I realized the only way out of the loop is by thinking about everything from both sides. Even when I vehemently disagree with the other side and know there’s nothing I will find common ground on, I feel like I can learn something. And yes, “some people are just hateful” is still a lesson worth re-learning.

The loop became:

Ok, what do both extremes think about something? -> If I land on one side, why? What would make someone think the opposite?->What can I learn by considering that?

Honestly, if you want to sum it up, it’s probably that I’ve just become obsessed with ethics and empathy in an increasingly divided world. And if you know ethics, you know that we know a whole lot of nothing.

The fact that others note I’ve helped them reflect on the other side of themselves as well as others, has made me hope that maybe this is a thought process that can help someone else.

Exceptions

I definitely don’t think there’s a common ground to everything.

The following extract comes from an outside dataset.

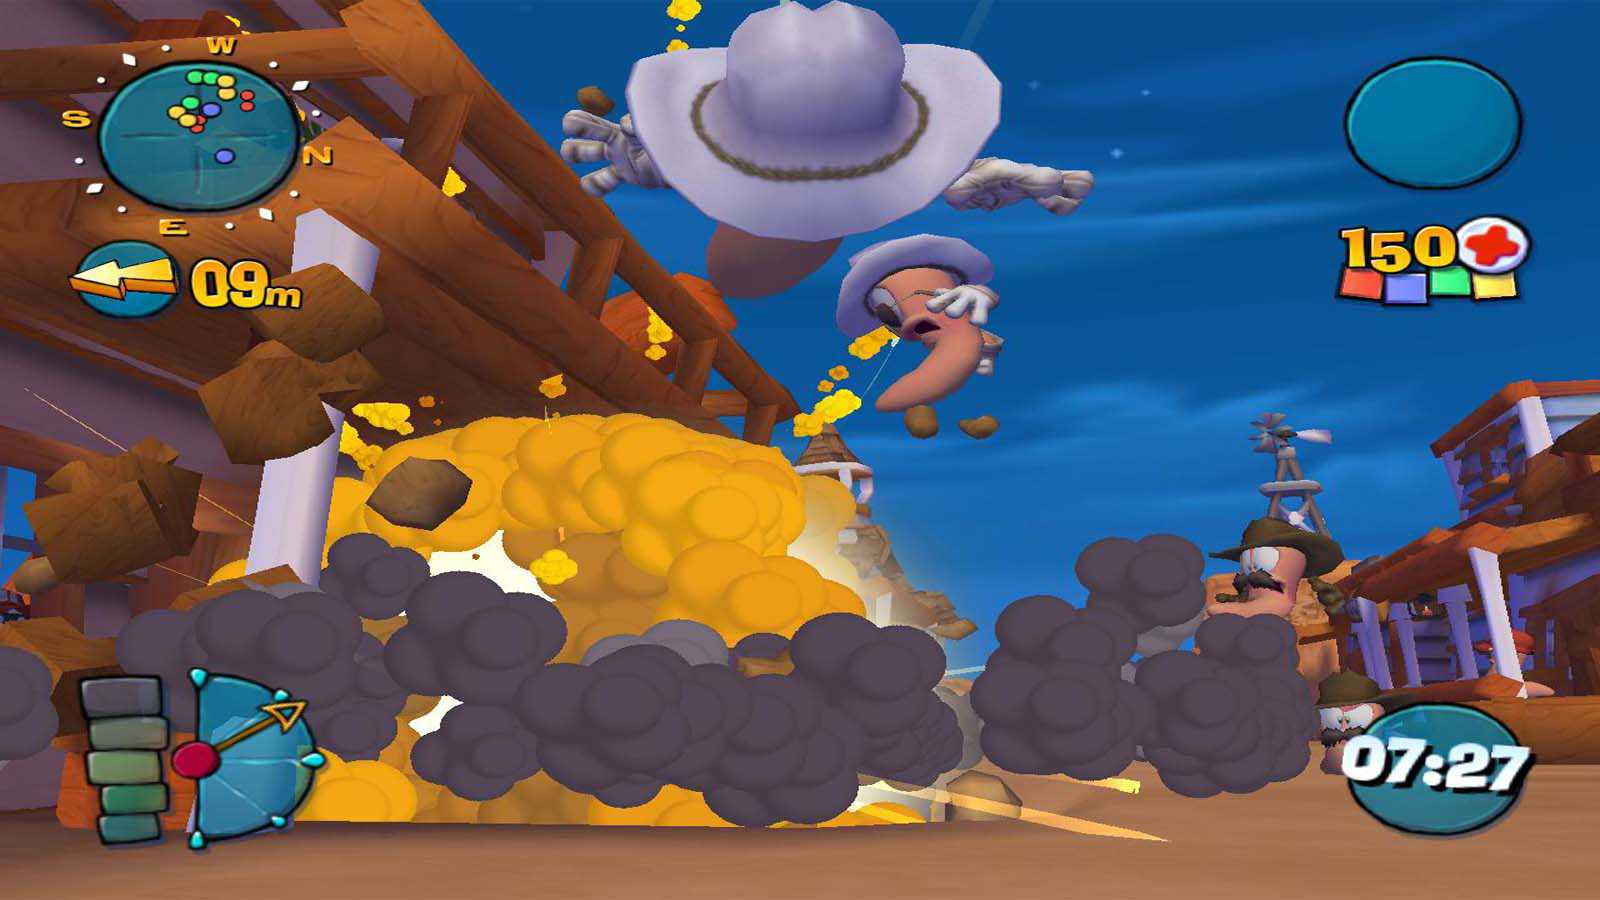 تحميل لعبة Worms 4 Mayhem مضغوطة برابط واحد مباشر كاملة مجانا

A relevant example would be that LGBTQ+ rights are not debatable, in my opinion. They are just human rights.

Sure, someone needs to help bridge the gap between those who think the worst about what it means for someone to identify as LGBTQ+ and help bring those folks to be more caring, but I am not level-headed enough about the issue to be the one. I try to do my best to be kind and respectful, but I go into my feelings pretty quickly and get to the worst version of myself fast when I feel someone doesn’t even see those I love as human. I can’t handle that. See also, folks who don’t believe in scientific fact. I just can’t have serious conversations there.

BUT

Even if I’m not the right person to explain everything in a way that helps folks see things from the other view, I do want to try. I know I am going to F up royally, but I am also in my embracing learning era and accepting myself as flawed era (even as flawed as I am at both those things).

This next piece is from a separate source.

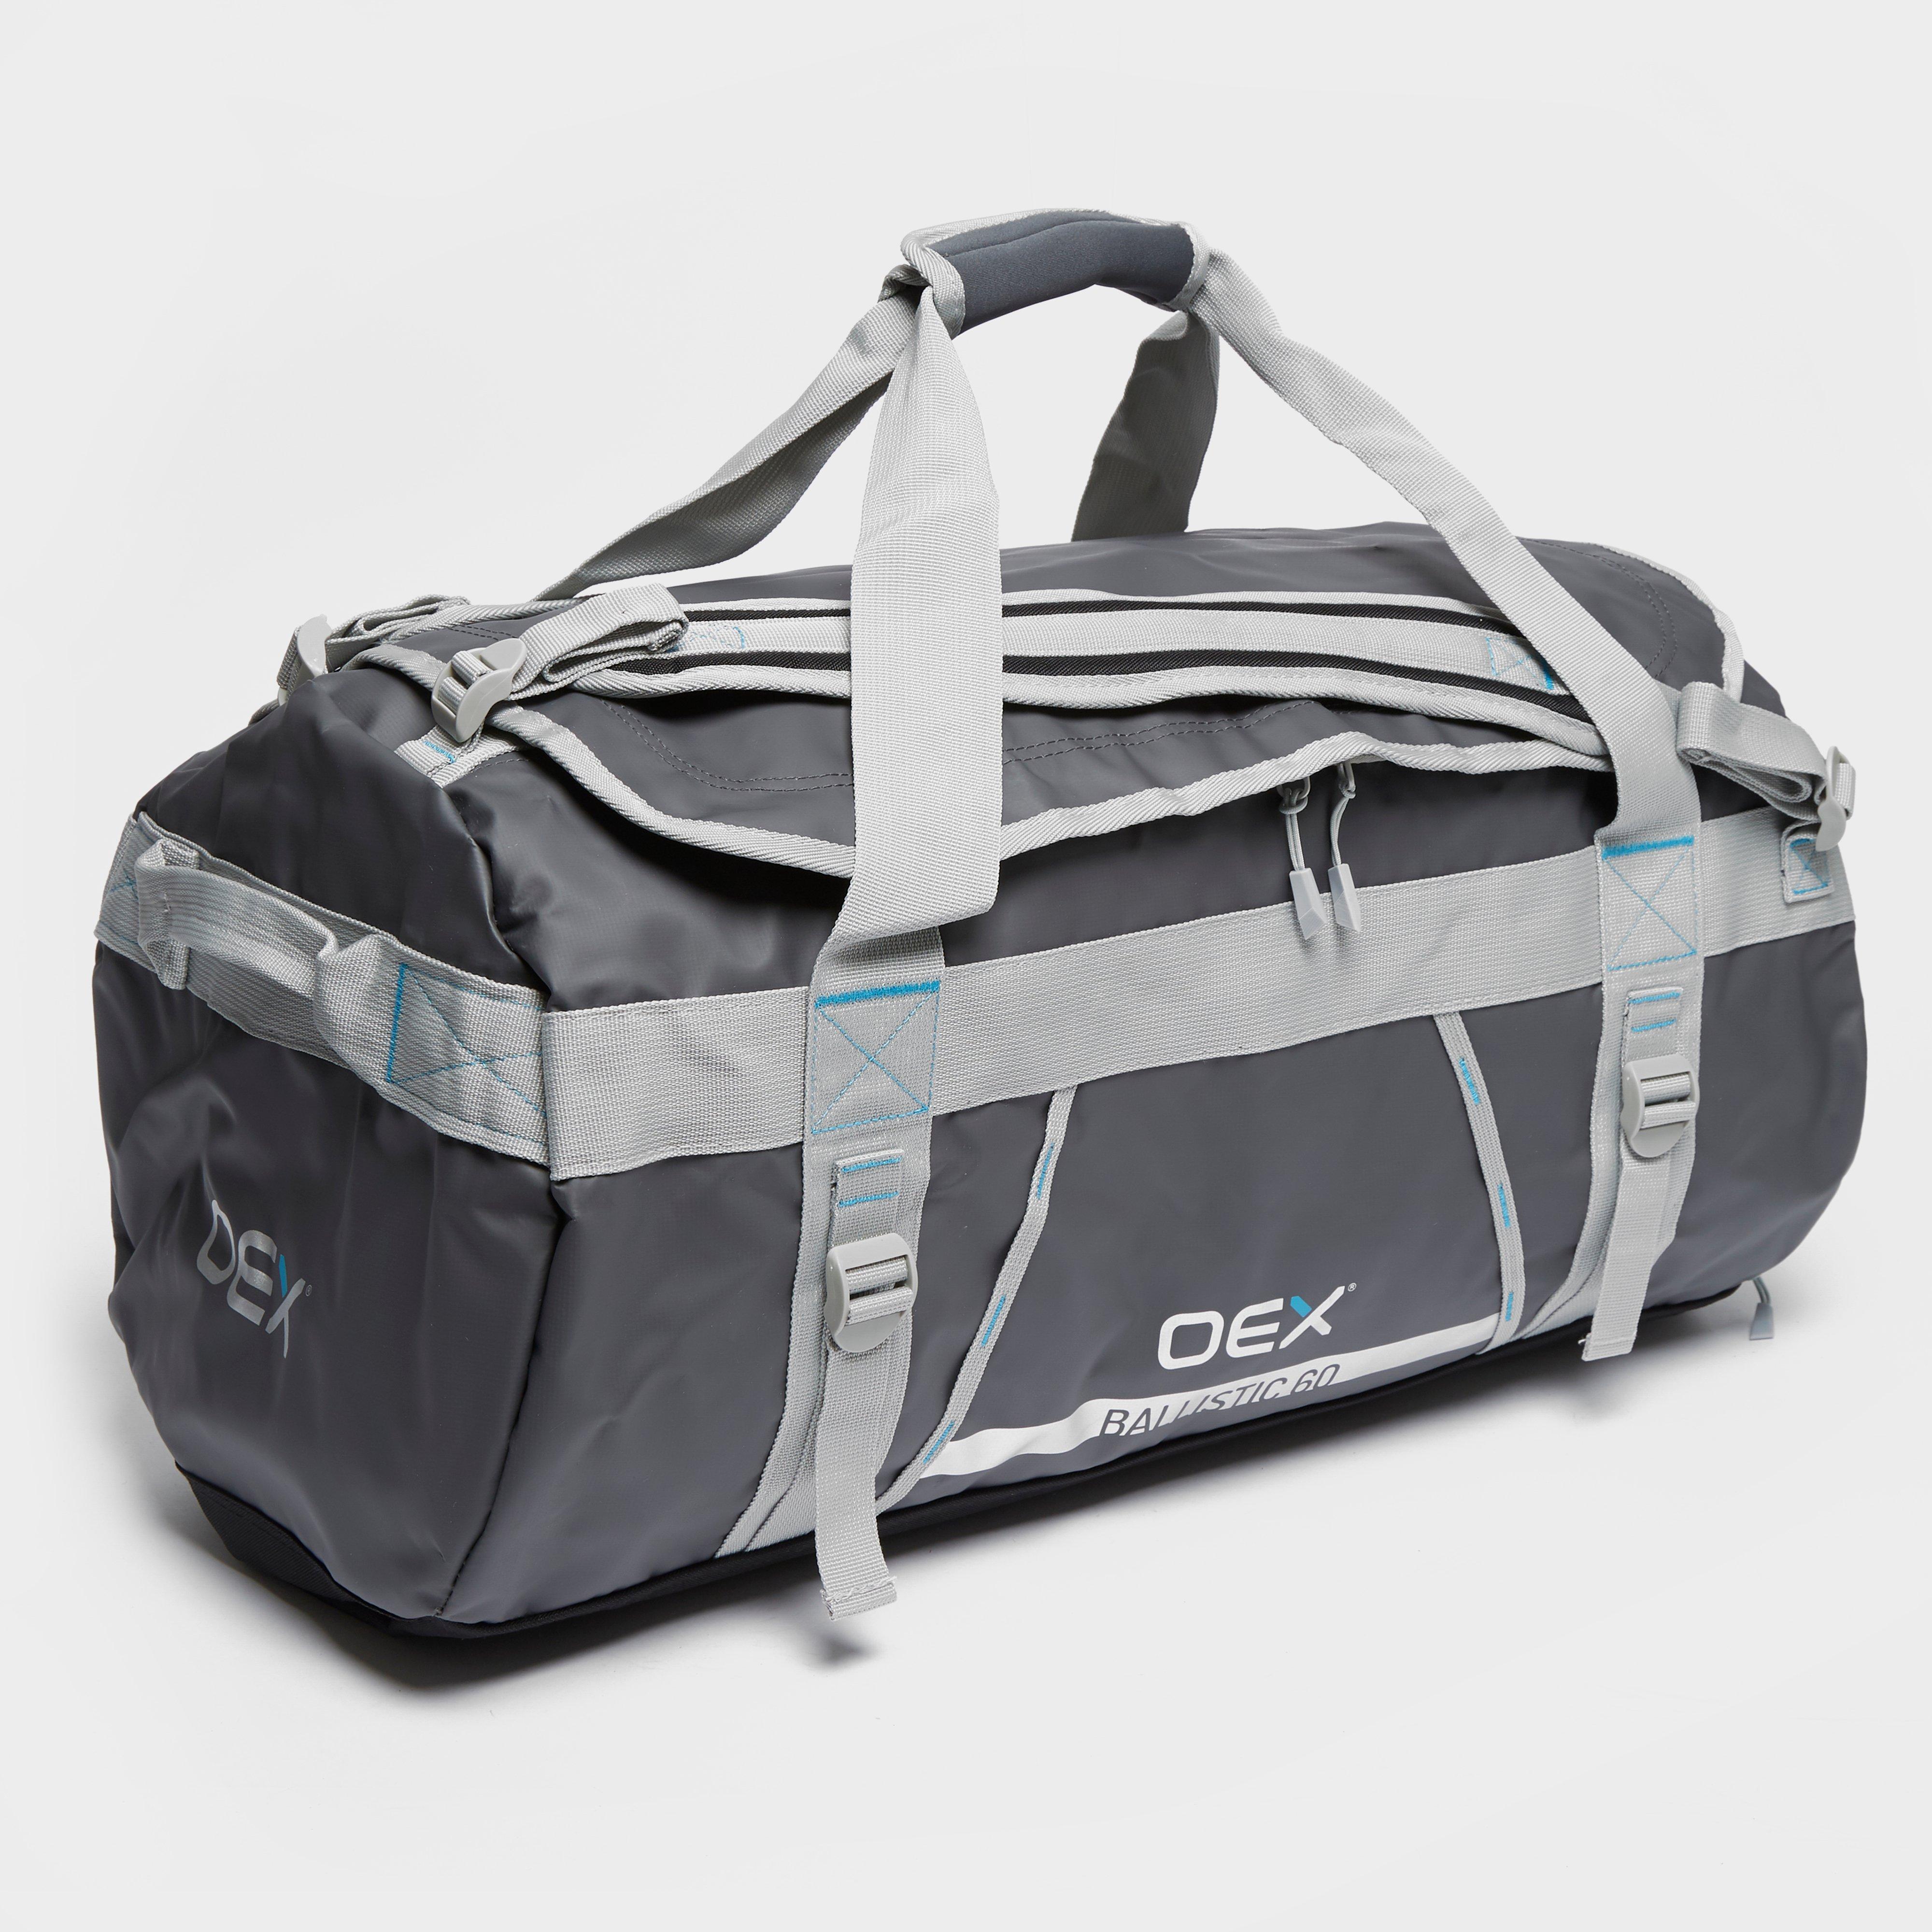 Oex Oex Ballistic 60L Cargo Bag - Grey, Grey

This is going to require me to be as vulnerable as heck in a way I haven’t since I became more closed off in 2021. I want to talk about the hard reflections I had to have about myself in case it’s time you had those hard reflections too. Maybe to remind you that it’s human if you’re in the middle of them.

Why Now?

I haven’t been passionate about much. And without that, I honestly was ready to just tap out of streaming and content creation. But I also really didn’t want to.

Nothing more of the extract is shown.